3, op. cit., p. 23 et ss. Todo o artigo insiste nessa tese.

fictício no livro terceiro, isso não quer dizer que esse capital falso não seja real. Basta ver, por exemplo, que esse capital fictício age sobre a realidade a ponto de ajudar a gerar um crise econômica do tamanho da que atravessamos. O capital fictício é falso, mas a casa hipotecada do norte-americano que lhe foi arrancada é real. Assim, as categorias em Marx não devem nunca ser pensadas de forma estanque ou de acordo com a lógica da identidade, da não contradição.
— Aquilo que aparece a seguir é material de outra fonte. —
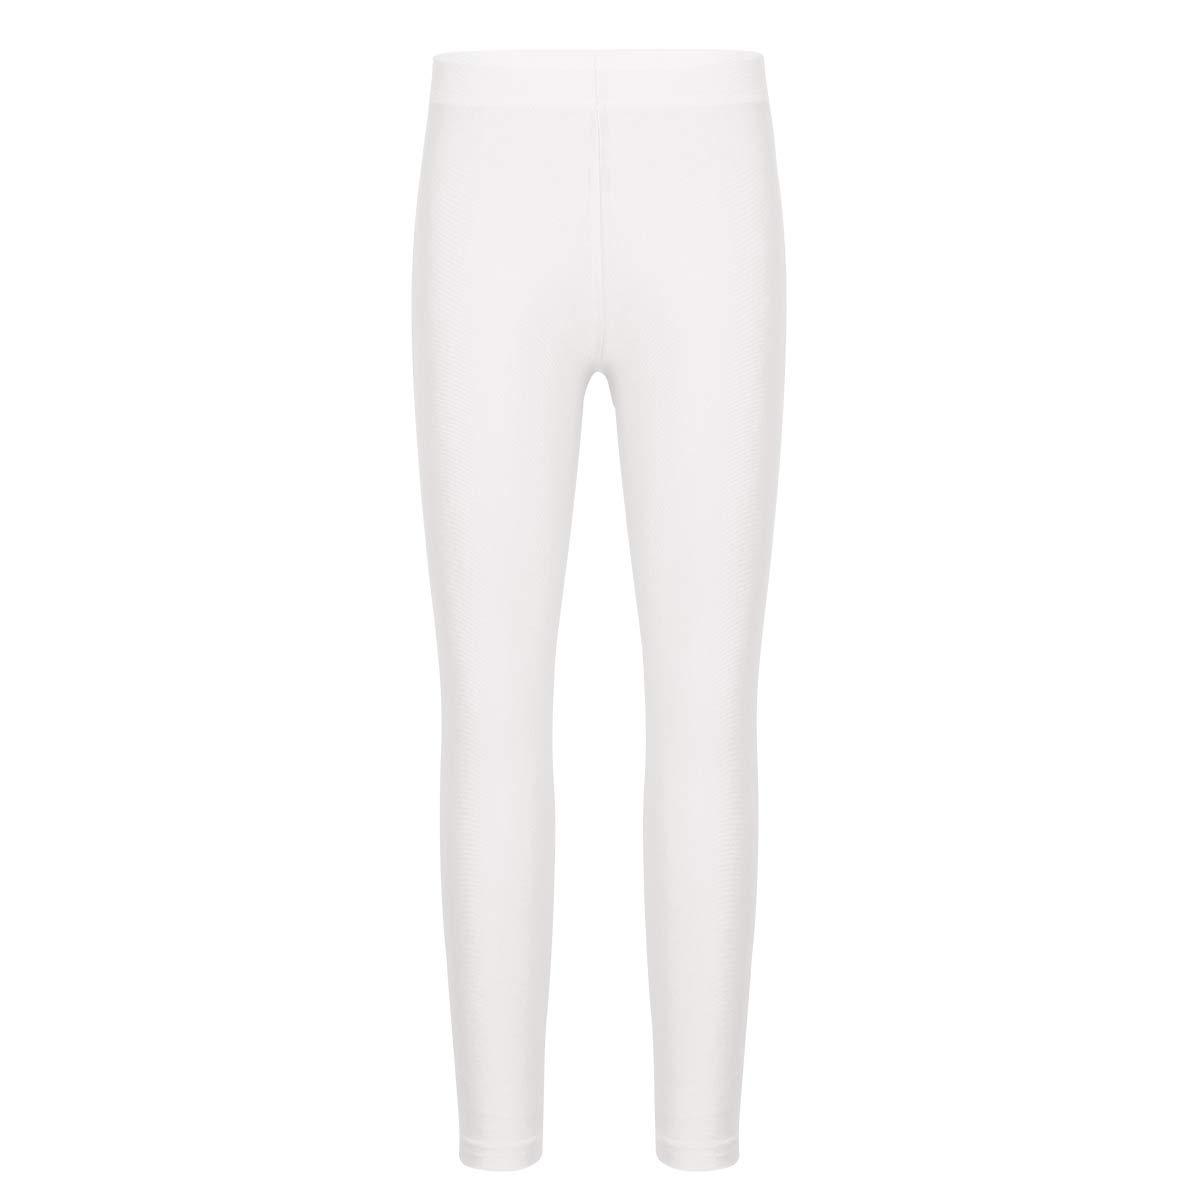 YiZYiF Kids Girls Ultra Soft Spandex Ankle Length Seamless Leggings Tights Pants White 4-5

Ora, porque Marx realizava esse movimento negativo em todo o livro? Aqui também ocorre algo similar ao que faziam os deuses quando velavam e desvelavam ao mesmo tempo306. No capítulo 6, ao citar o mito de Prometeu nos Erga de Hesíodo, insistimos que o pensamento arcaico operava ao mesmo tempo ocultando e revelando, criando uma zona intermediária e negativa, justamente porque isso era necessário à manifestação de Alétheia. Aqui dá-se algo semelhante, embora diferente. Lá os deuses estabeleciam níveis cósmicos distintos de acordo com a proximidade em relação à verdade. Os deuses, da planície de

Alétheia, velavam e desvelavam a verdade para fazer com que os míseros mortais ativessem-

se à sua condição. A palavra divino-religiosa afirmava os deuses enquanto deuses e os mortais enquanto mortais, ou seja, impedia os mortais de terem acesso ao que era privilégio dos deuses. Aqui algo análogo, embora diferente, se passa. Existem, objetivamente colocadas, diferentes temporalidades ordenadas de acordo com sua proximidade em relação à Alétheia. A dialética é a disposição léxica de níveis ou de temporalidades pela sua própria força, que são graus de manifestação da verdade. Aqueles que já ouviram o apelo de Alétheia e corresponderam a ela, estão acolhidos em seu seio, estão na temporalidade mais antiga e mais forte, originária, a que organiza as demais. Anterior e posterior, aqui, estão demarcados pela sua diferença de força, ou seja, por sua proximidade em relação à violência originária. Os que estão na temporalidade anterior são mais antigos não propriamente porque vieram antes cronologicamente, porque são mais velhos, nasceram primeiro etc., mas porque correspondem mais propriamente à força originária que ultrapassa e ordena as demais, a força de Alétheia, que é a violência originária que funda o sistema capitalista. Os que estão nas outras temporalidades, nos outros níveis, estão em graus mais afastados de Alétheia, ou seja, não conhecem ainda essa violência ou apenas começam a conhecê-la. A falsidade de sua consciência é real, ou seja, a cada grau falso desses corresponde um acontecer espaço- temporal próprio; uma temporalidade. Só a diferença desses aconteceres, desses níveis, dessas

temporalidades é que permite a dialética. Cada temporalidade dessas deve ser negada em seus próprios termos, ou seja, imanentemente e autonomamente, mas isso só é possível se elas estiverem articuladas pela força superior da temporalidade anterior (ou seja, dispostas amparadas no real). Assim, quando a temporalidade anterior – a consciência da necessidade de colocar a violência originária no presente – organiza a temporalidade mais nova (mais fraca) – aquela que ignora a fundamentação violenta do presente –, ela o faz porque sabe que esta consciência falsa precisa ser negada em seus próprios termos. Alétheia, que está em todas as temporalidades pois todas estão articuladas por ela, de-mora dentro dessa temporalidade mais nova e desenvolve dentro dela suas contradições, fazendo-a negar-se em si mesma, em seus próprios termos, imanentemente. Alétheia não é, por isso, por participar da consciência falsa, menos verdade, não se torna ideologia, não se torna palavra para ocultar ação; ela apenas escolhe sua forma de apresentação de acordo com a necessidade de negação imanente em cada temporalidade307. Alétheia, a rigor, não é contraditória: suas palavras e ações estão imbricadas numa coisa só, como uma palavra efetiva ou concreta. Alétheia parte do princípio de que o real é contraditório (e não identitário, como rege toda lógica de matriz parmenidiana), assume aparentemente essa contradição, se coloca dentro dela, de-mora nela e desenvolve dentro dela seus polos visando fazê-la negar-se em si mesma, ou seja, em seus próprios termos. Aletheia, a verdade, enquanto temporalidade mais antiga, ao ordenar todas as outras, entra e sai de todas elas, realizando sucessivas negações.